+++ Source records

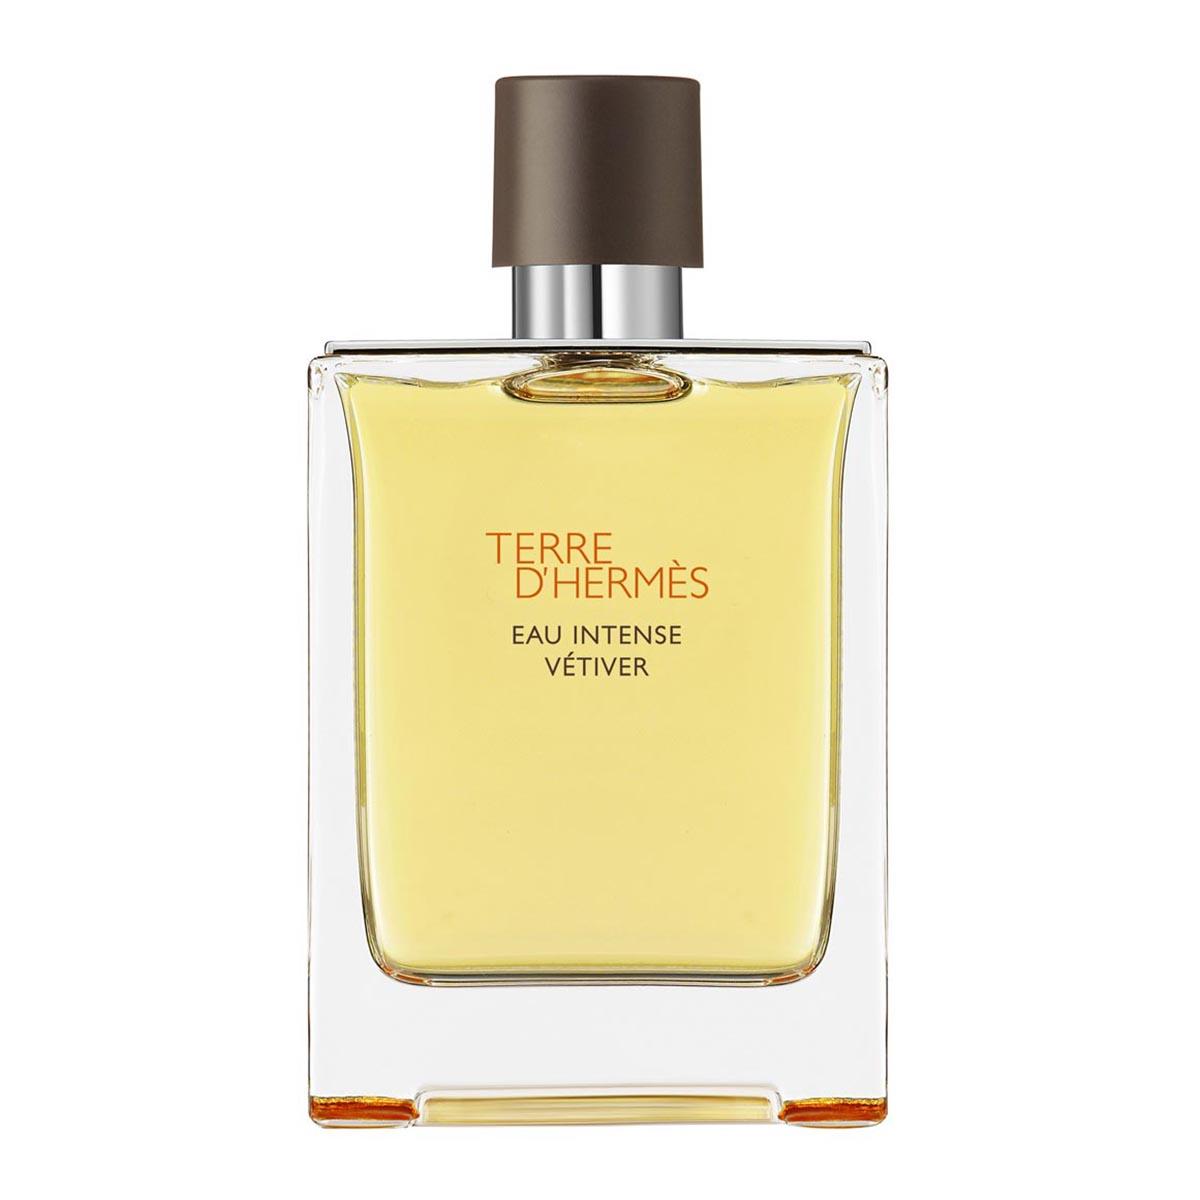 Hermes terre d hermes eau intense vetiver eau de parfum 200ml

++++++
+++ Source records

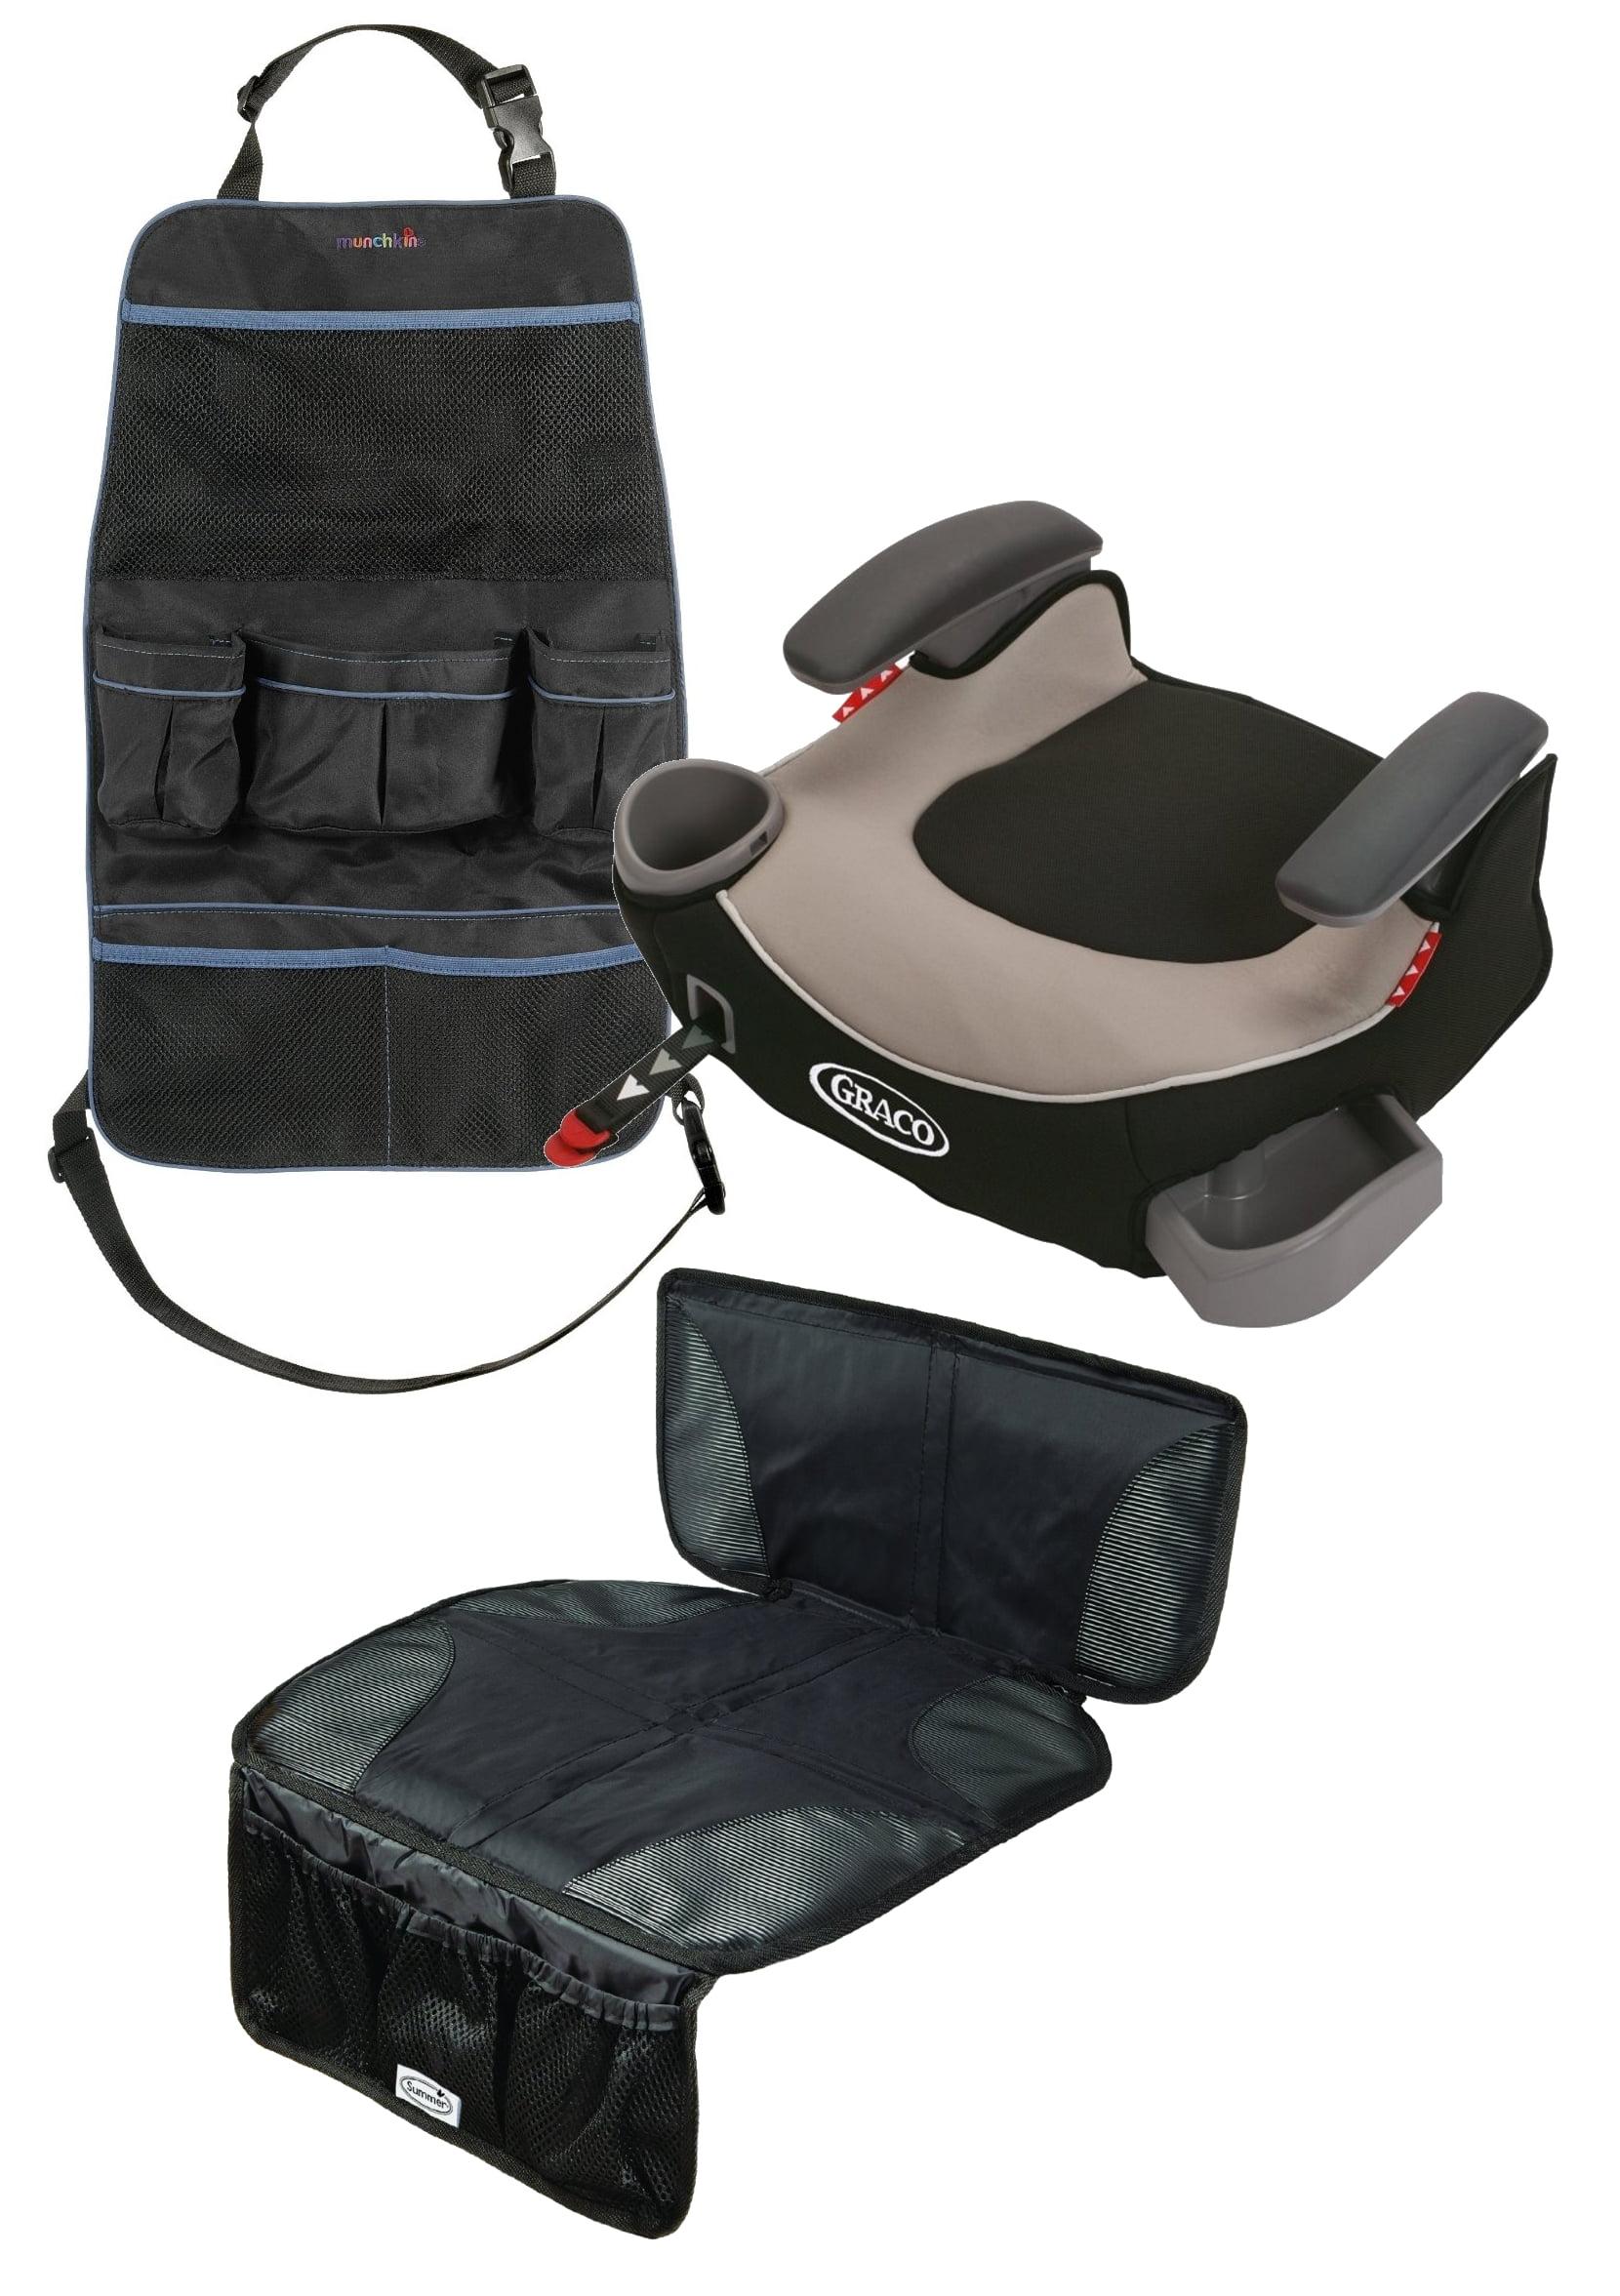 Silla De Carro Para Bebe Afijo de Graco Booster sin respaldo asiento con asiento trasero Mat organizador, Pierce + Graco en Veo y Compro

++++++
+++ Source records

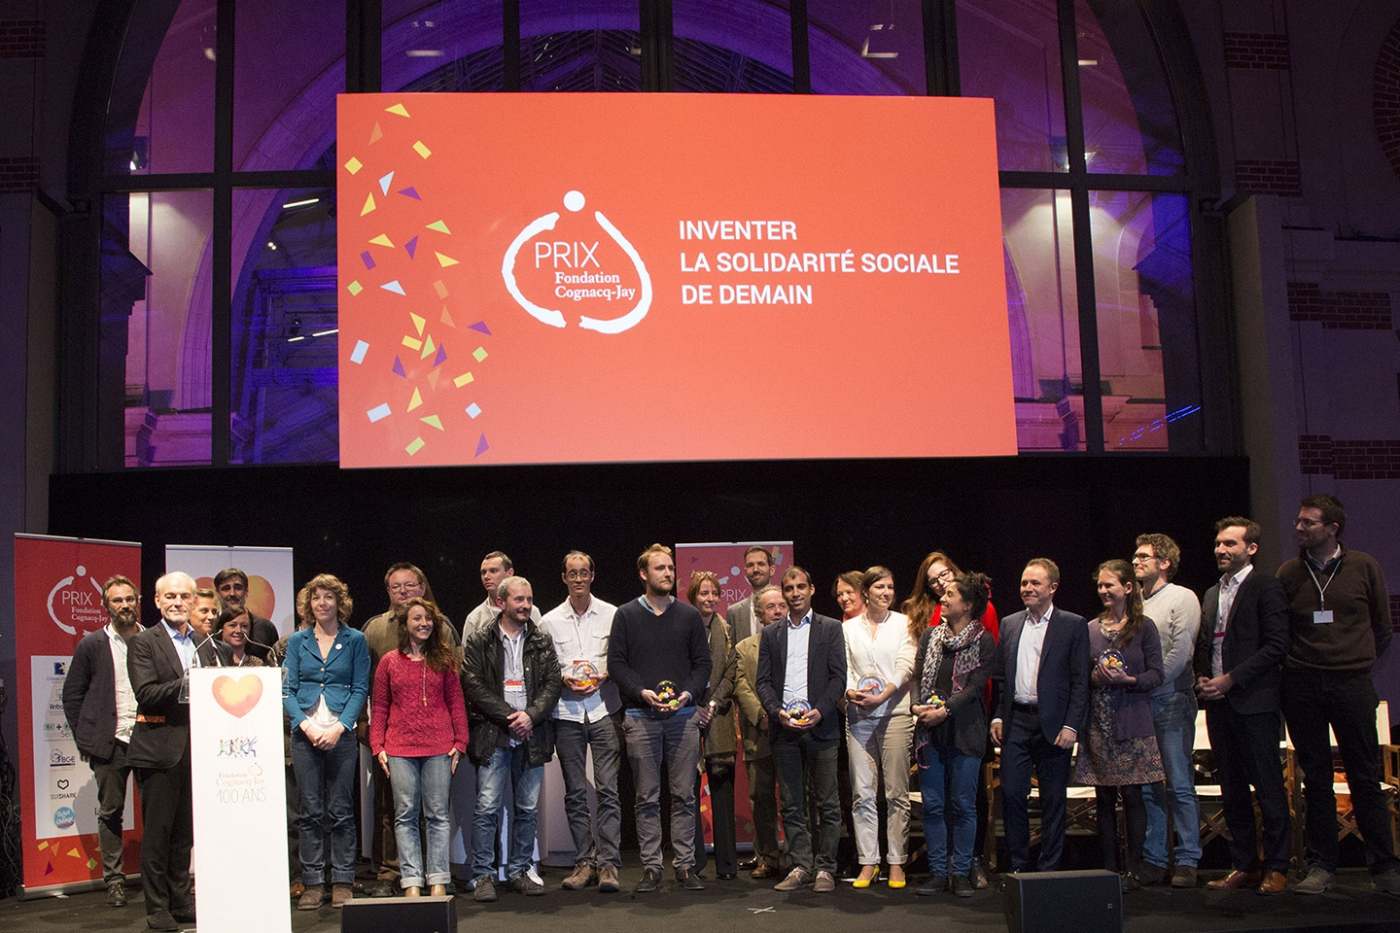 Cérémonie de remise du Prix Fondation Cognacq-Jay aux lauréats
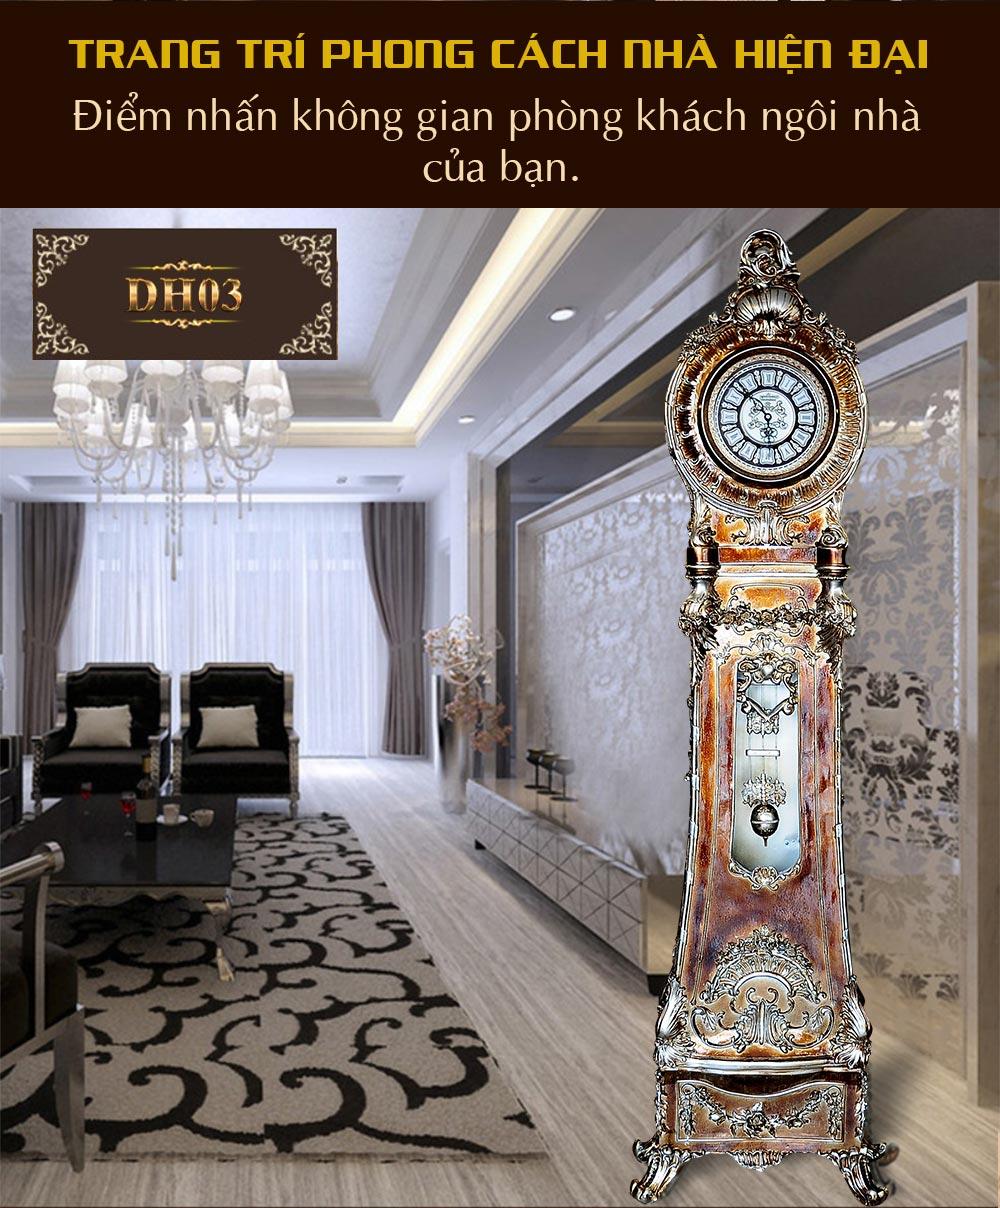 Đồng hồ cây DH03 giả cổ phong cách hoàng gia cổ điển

++++++

Write out again exactly the lines above from the one with "Cérémonie de remise" through the one with "Đồng hồ cây", adding no other lines and no pictures.

* **Answer to the exercise**
 Cérémonie de remise du Prix Fondation Cognacq-Jay aux lauréats
 Đồng hồ cây DH03 giả cổ phong cách hoàng gia cổ điển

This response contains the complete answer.